In algorithms like NW that are characterized by interand intra-work-group dependencies there are two big considerations. First, the overhead for repetitively launching a kernel (corresponding to inter-work-group synchronization), and second, the cost of the intra-work-group synchronization via *barrier()* or any other synchronization primitives. Introduction of system-wide (hardware) barriers would help to solve the former of the problems, while optimization of already existing intra-work-group synchronization primitives would be beneficial for this kind of applications for the latter case.

Memory accesses follow the same pattern as computation, i.e., for each element the west, north and northwest elements are loaded from the reference matrix. For each anti-diagonal m within a work-group (Figure 3) the updated data from anti-diagonal m-l is used.

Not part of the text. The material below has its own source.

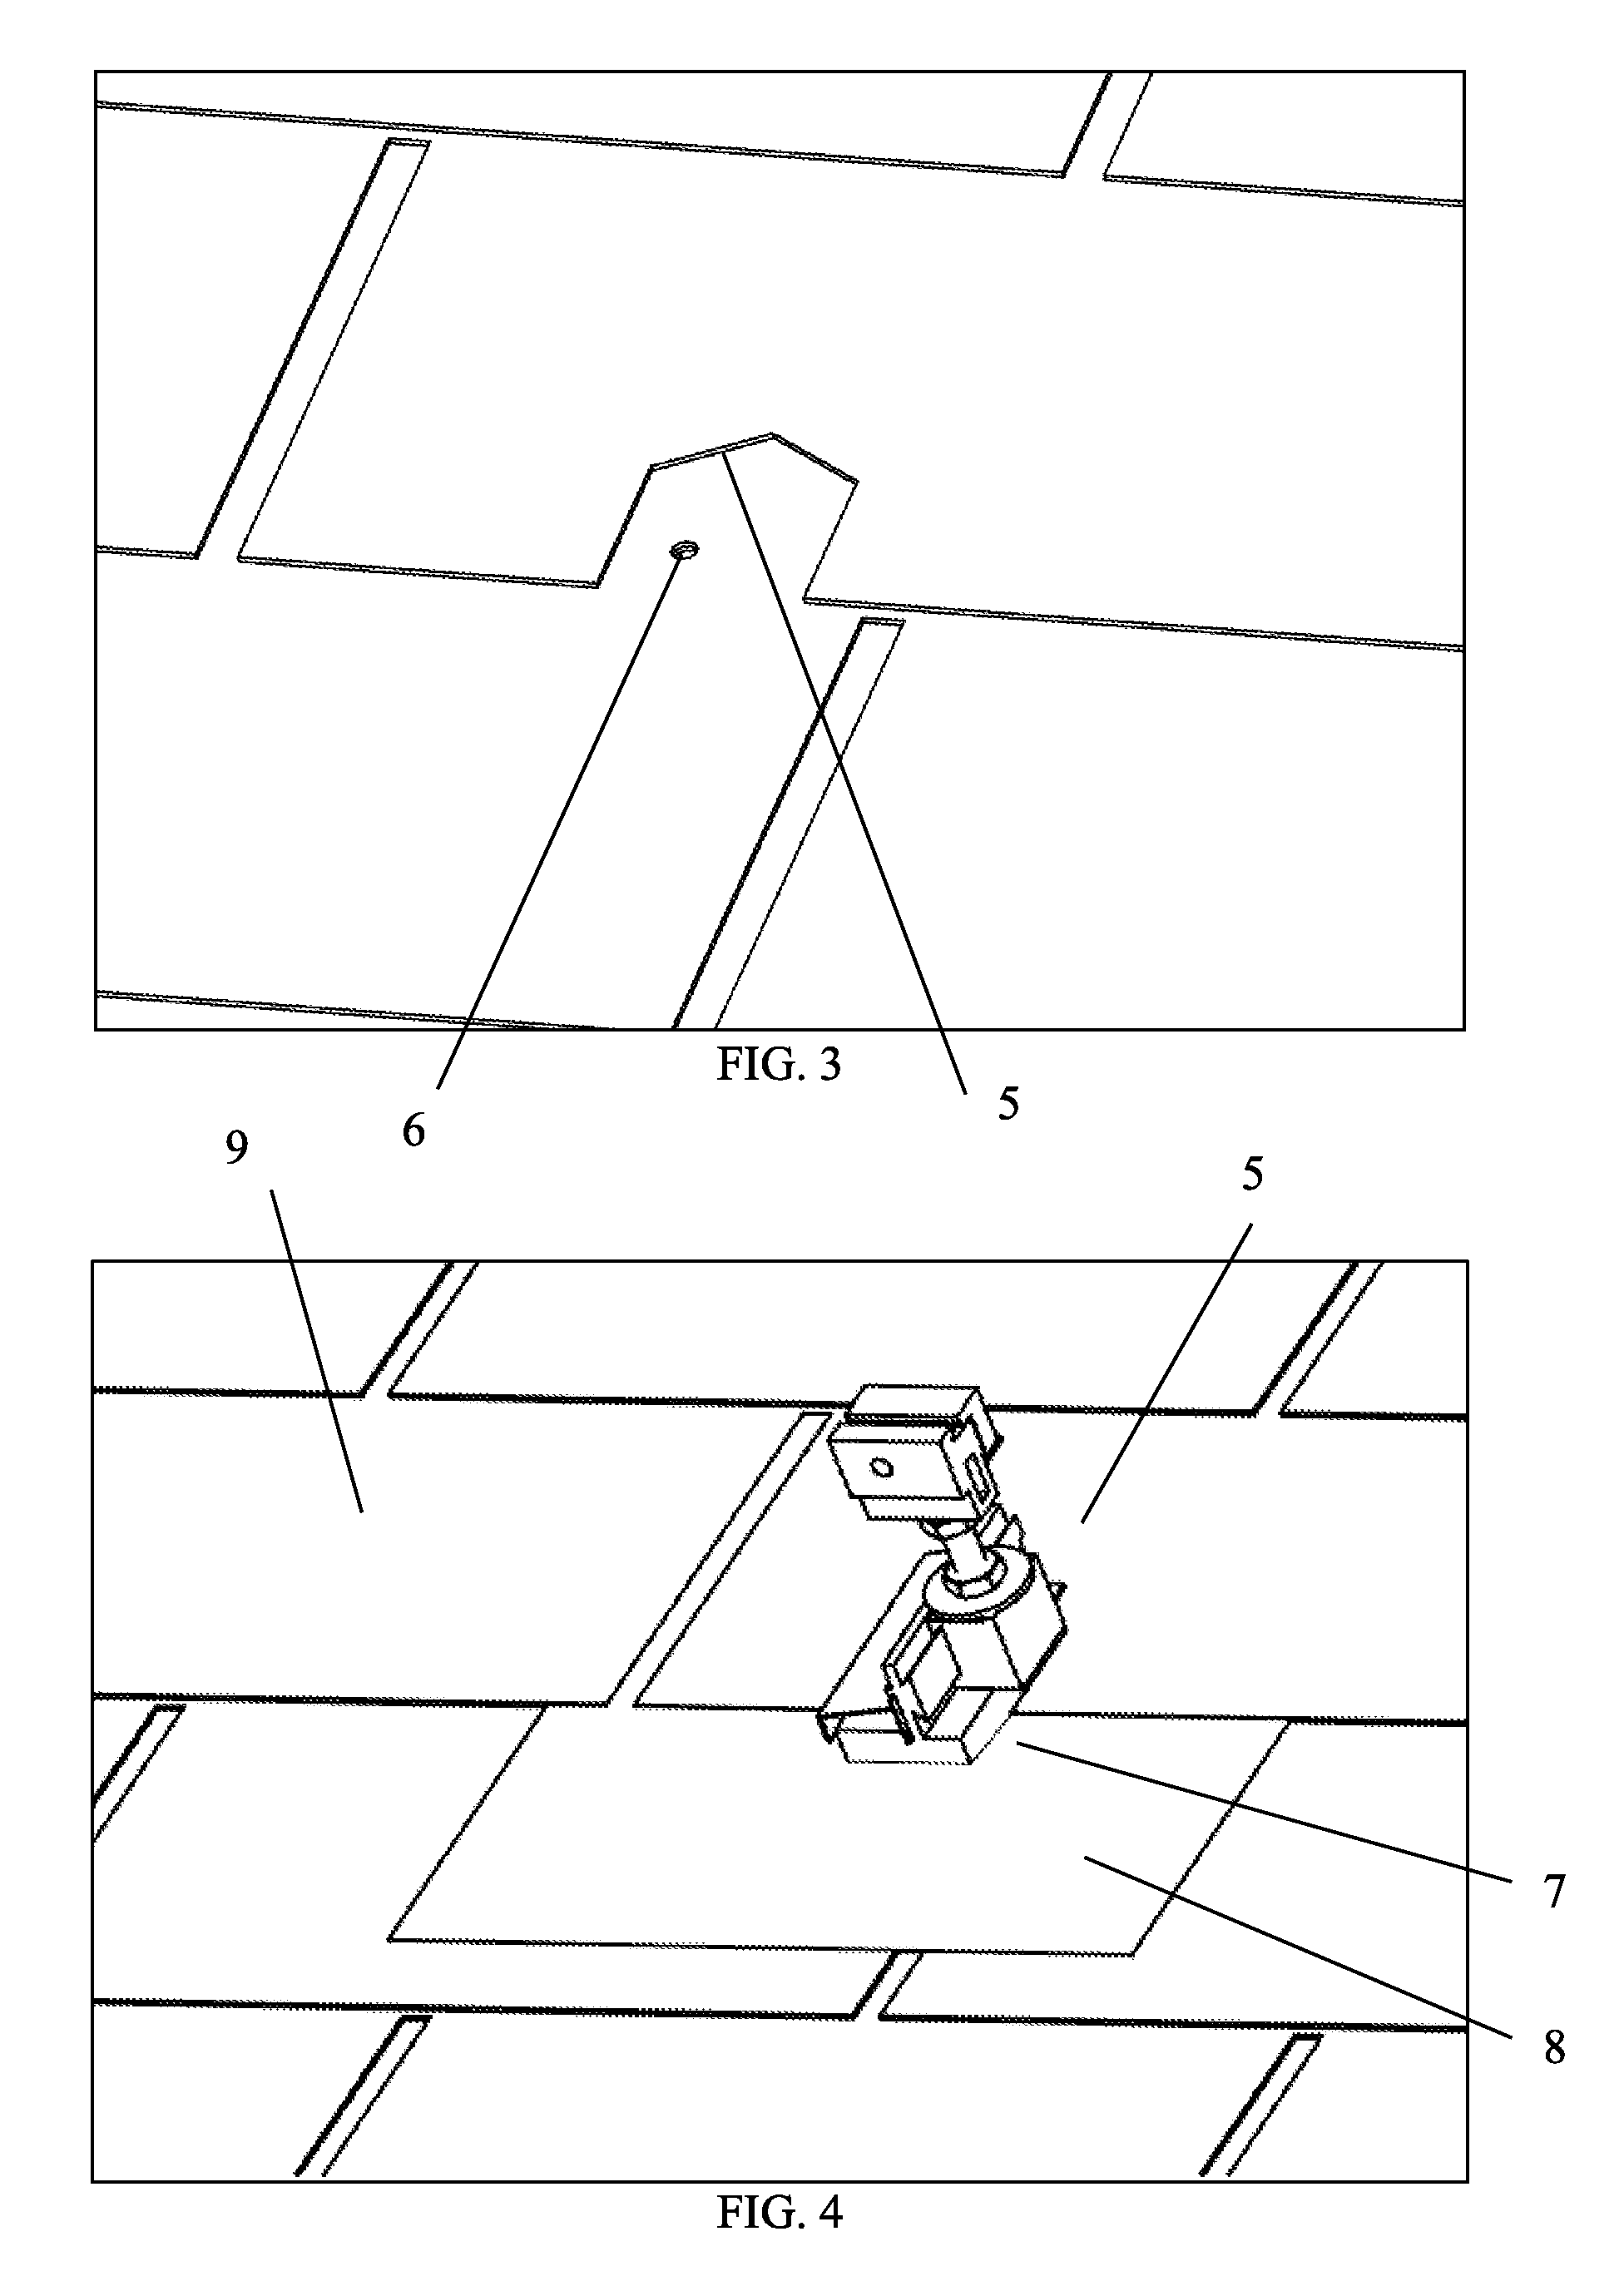 Method and apparatus for mounting solar panels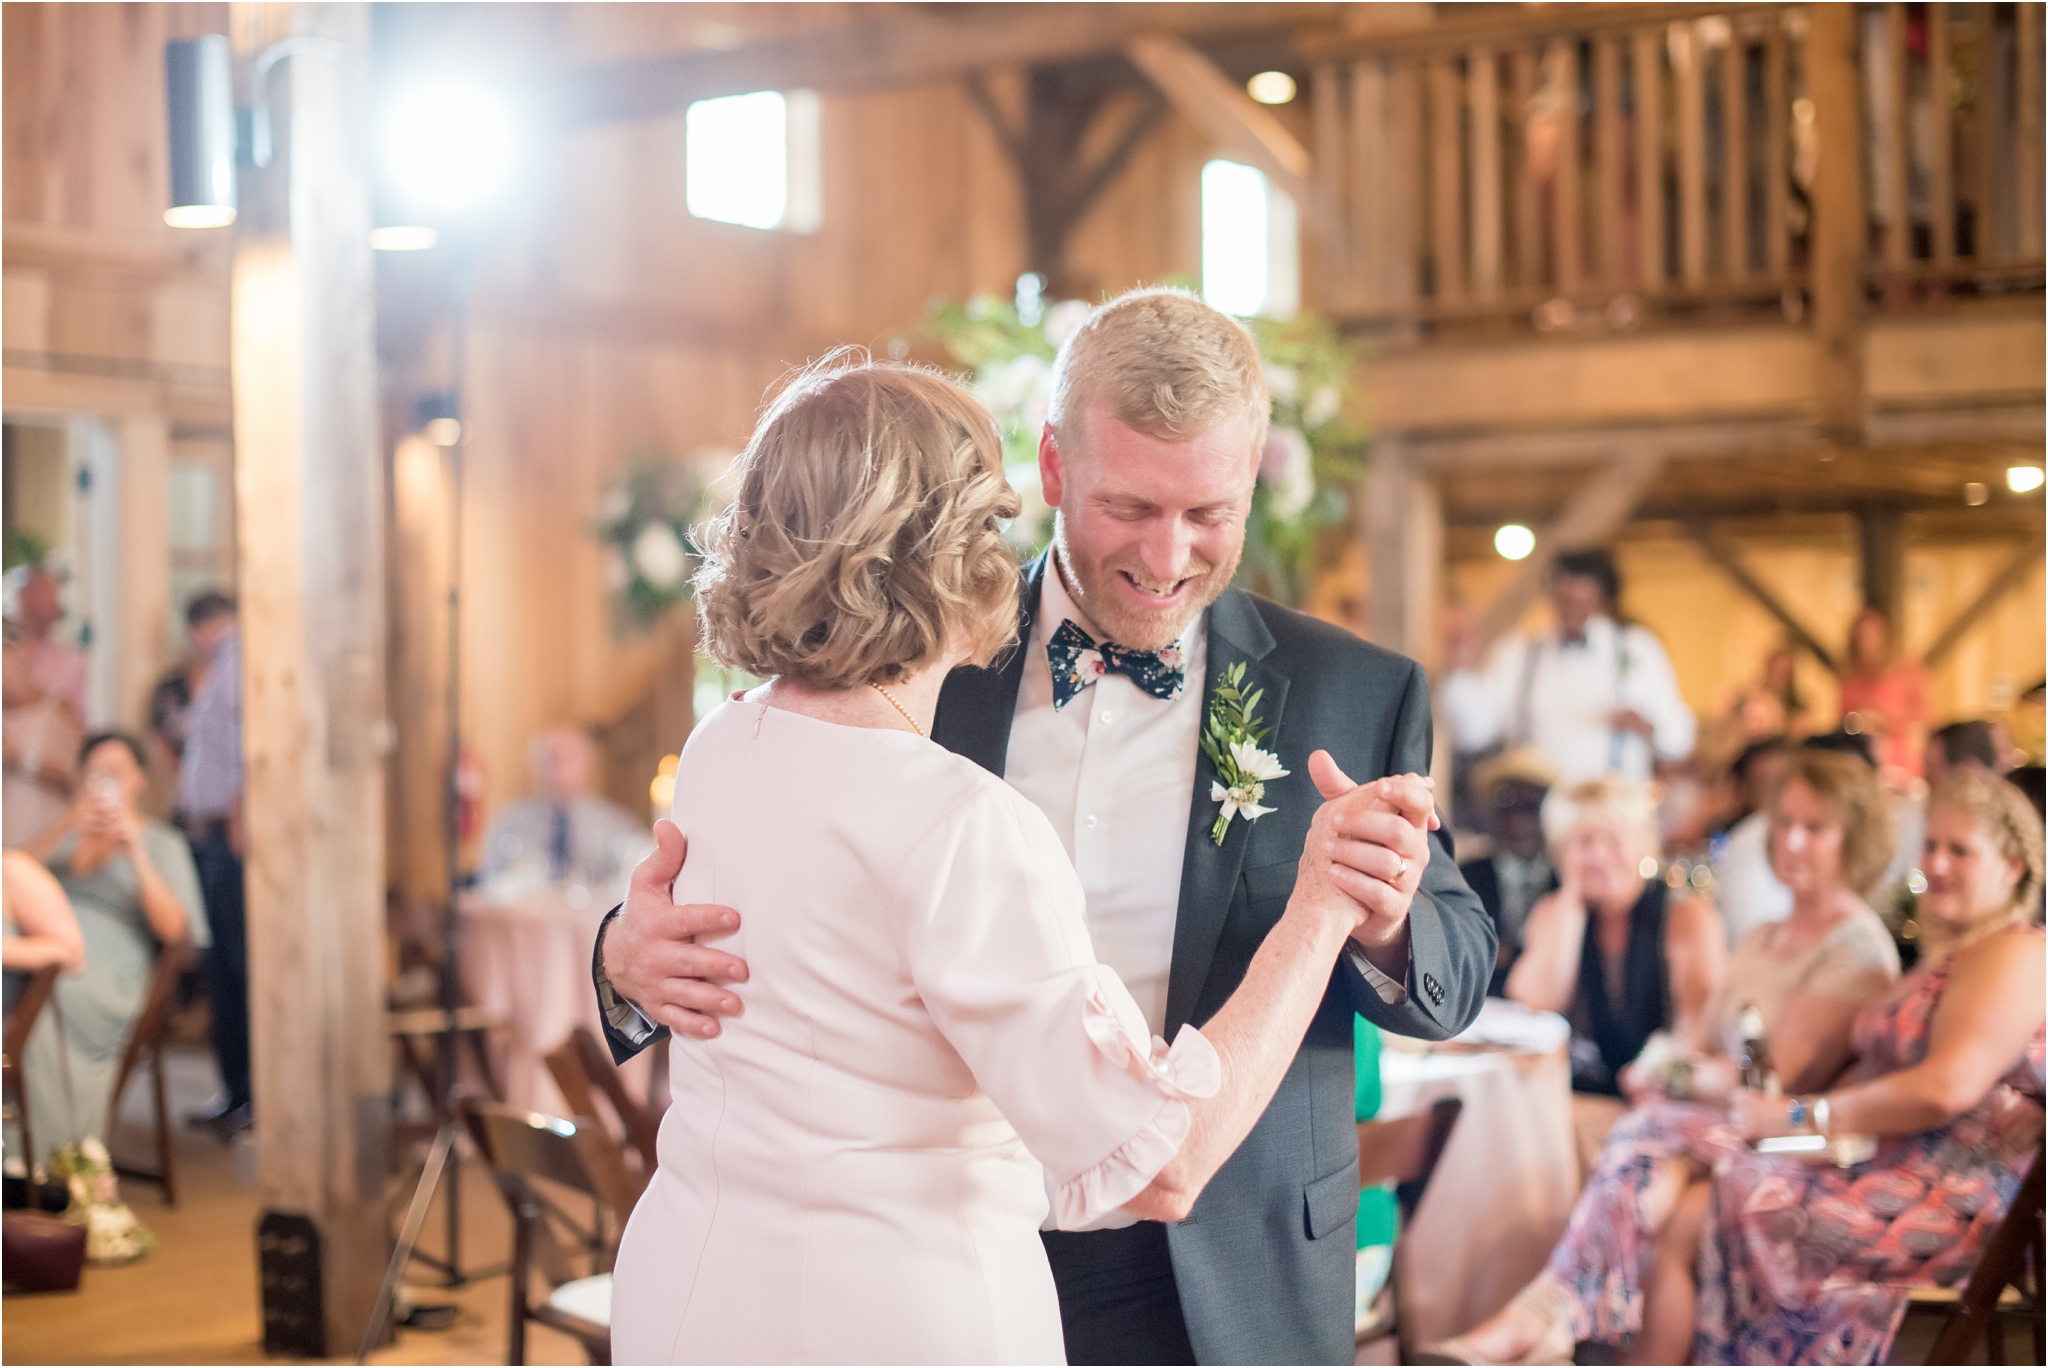 Lindley Farmstead at Chatham Hills | Sarah and Rachel Wedding Photographers | Westfield, Indiana wedding | mother son reception dance

As we can observe, GPUs do not perform considerably better than the CPUs. In fact, Opteron 6272 surpasses all GPUs (and even Xeon Phi), when we only take kernel execution time into account. What needs to be emphasized in the case of algorithms, such as NW, is the variability in the characteristics of each kernel iteration. In Figure 6a we observe such variability for metrics like the percentage of the time the ALU is busy, the cache hit rate, the fetch unit is busy or stalled, on the HD 7660D. Similar behavior is observed in the case of HD 6550D. Most of these metrics can be observed to be a function of the number of active wavefronts in every kernel launch. For instance, cache hit follows an inverse-Ushaped curve, as do most of the aforementioned metrics. In both cases, occupancy is below 40% (25% for HD 6550D) and ALU packing efficiency barely reaches 50%, which indicates a mediocre job on behalf of the shader compiler in packing scalar and vector instructions as VLIW instructions of the Llano and Trinity integrated GPUs (i.e., HD 6550D and HD 7660D).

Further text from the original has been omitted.